With this patch we will lost the tryforward's goal (fastforwarding by default) for routers where firewall is present. I guess the most of routers has firewall.
Comment 48 George V. Neville-Neil freebsd_committer 2016-02-18 13:57:12 UTC
(In reply to Andrey V. Elsukov from comment #47)

It turns out that for this bug fastforward (the predecessor to tryforward) would never have worked either.  I am working up an alternate fix and testing it now, but the issue is now time.  This bug is holding up the 10.3 release.
Comment 49 Andrey V. Elsukov freebsd_committer 2016-02-18 14:06:33 UTC
(In reply to George V. Neville-Neil from comment #48)
> It turns out that for this bug fastforward (the predecessor to tryforward)
> would never have worked either.  I am working up an alternate fix and
> testing it now, but the issue is now time.  This bug is holding up the 10.3
> release.

But for those for whom fastforwarding worked (i.e. IPSEC is disabled and ipfw is enabled), now it will never work. I think it is easiest and better to revert this MFC for 10.3 and properly fix it in the head/.
Comment 50 George V. Neville-Neil freebsd_committer 2016-02-18 14:24:44 UTC
Created attachment 167150 [details]
Copy the mbuf for use in icmp error messages.
Comment 51 Eric van Gyzen freebsd_committer 2016-02-18 16:57:12 UTC
Comment on attachment 167150 [details]
Copy the mbuf for use in icmp error messages.

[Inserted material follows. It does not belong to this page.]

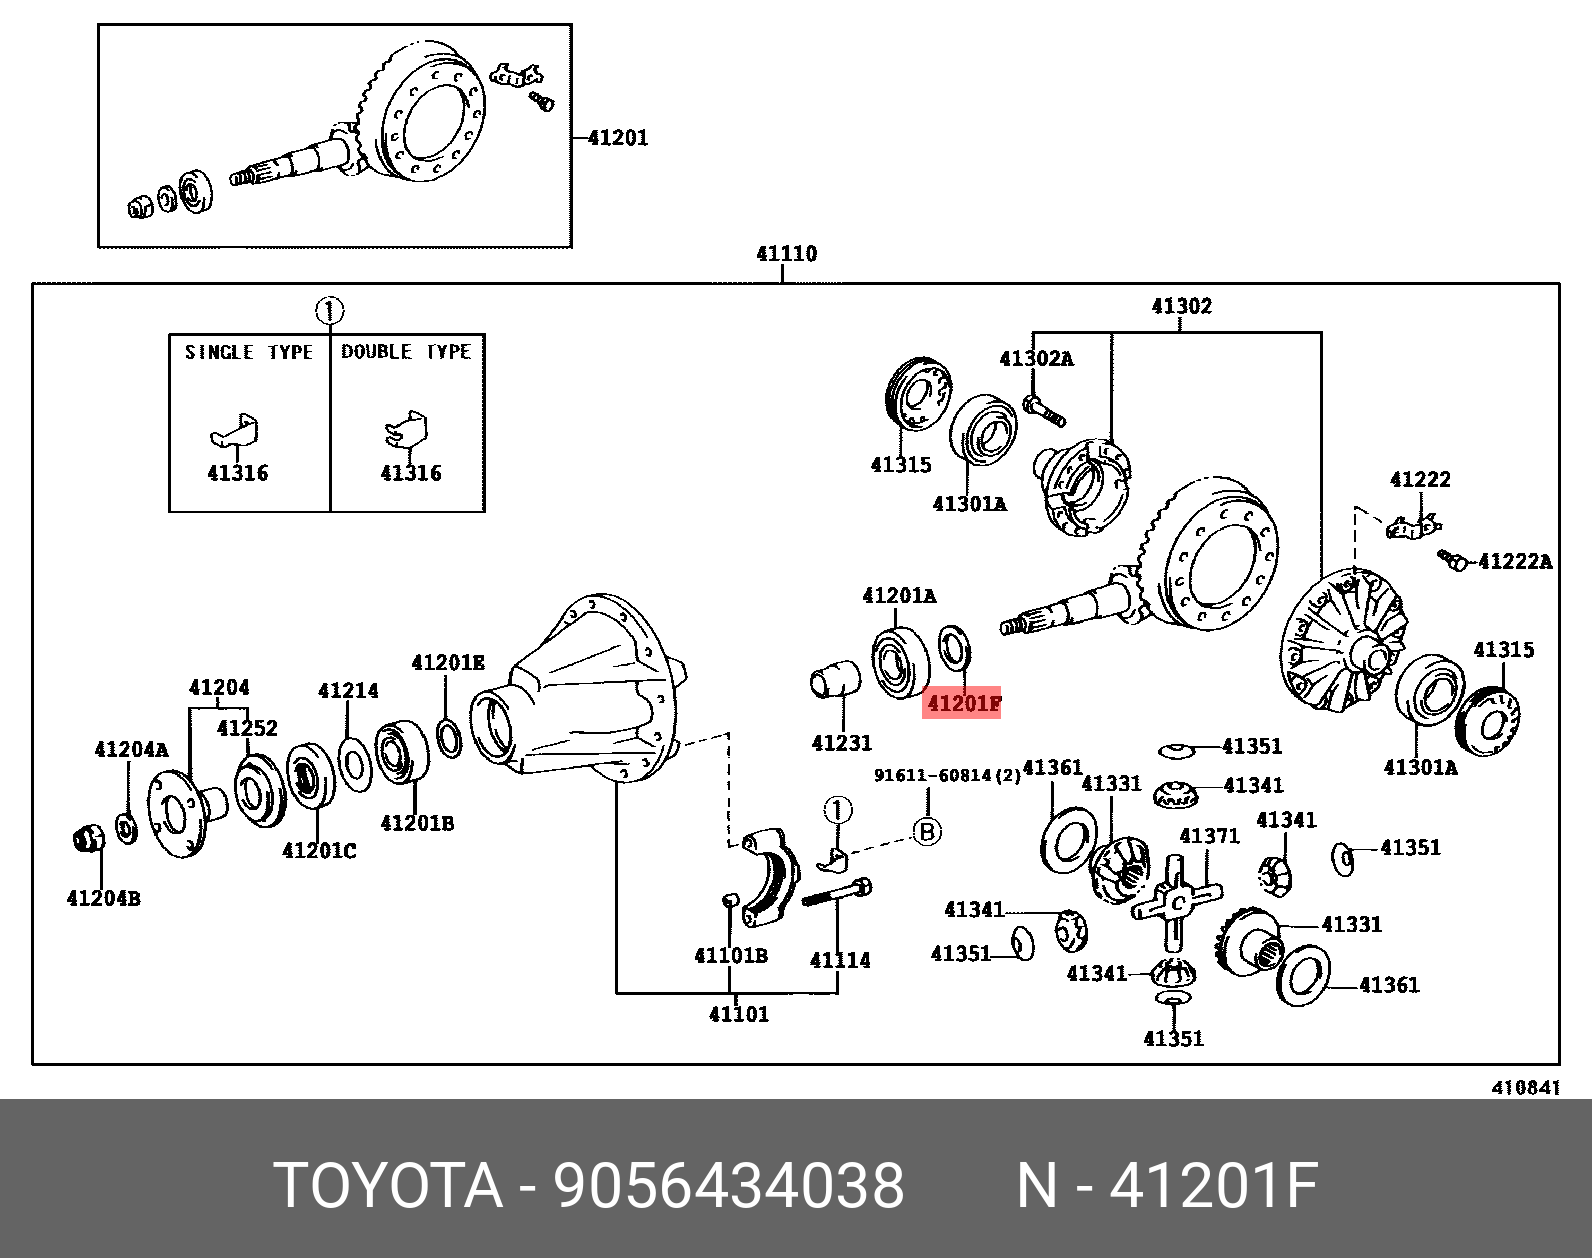 9056434038, HARRIER 199712-200302, ACU1#, MCU1#, SXU1#, WASHER, PLATE (FOR REAR DIFFERENTIAL DRIVE PINION)

In the "Copy the mbuf" patch, some paths seem to either double-free or leak an mbuf.  I can comment on specific lines, if you'd like.
Comment 52 George V. Neville-Neil freebsd_committer 2016-02-18 18:58:50 UTC
I am now tracking an updated patch in Phabricator:


That's where the rest of this will be carried out.
Comment 53 Matthias Andree freebsd_committer 2016-11-09 22:08:21 UTC
Comment 54 Guido Falsi freebsd_committer 2016-11-10 10:56:33 UTC
(In reply to Matthias Andree from comment #53)
> ping?

I still have the same router based on NanoBSD, in the while I updated the image to 11.0-RELEASE. As before everything is working fine for me, and I'm not seeing this problem.

But most probably my configuration differs from the reporter's one.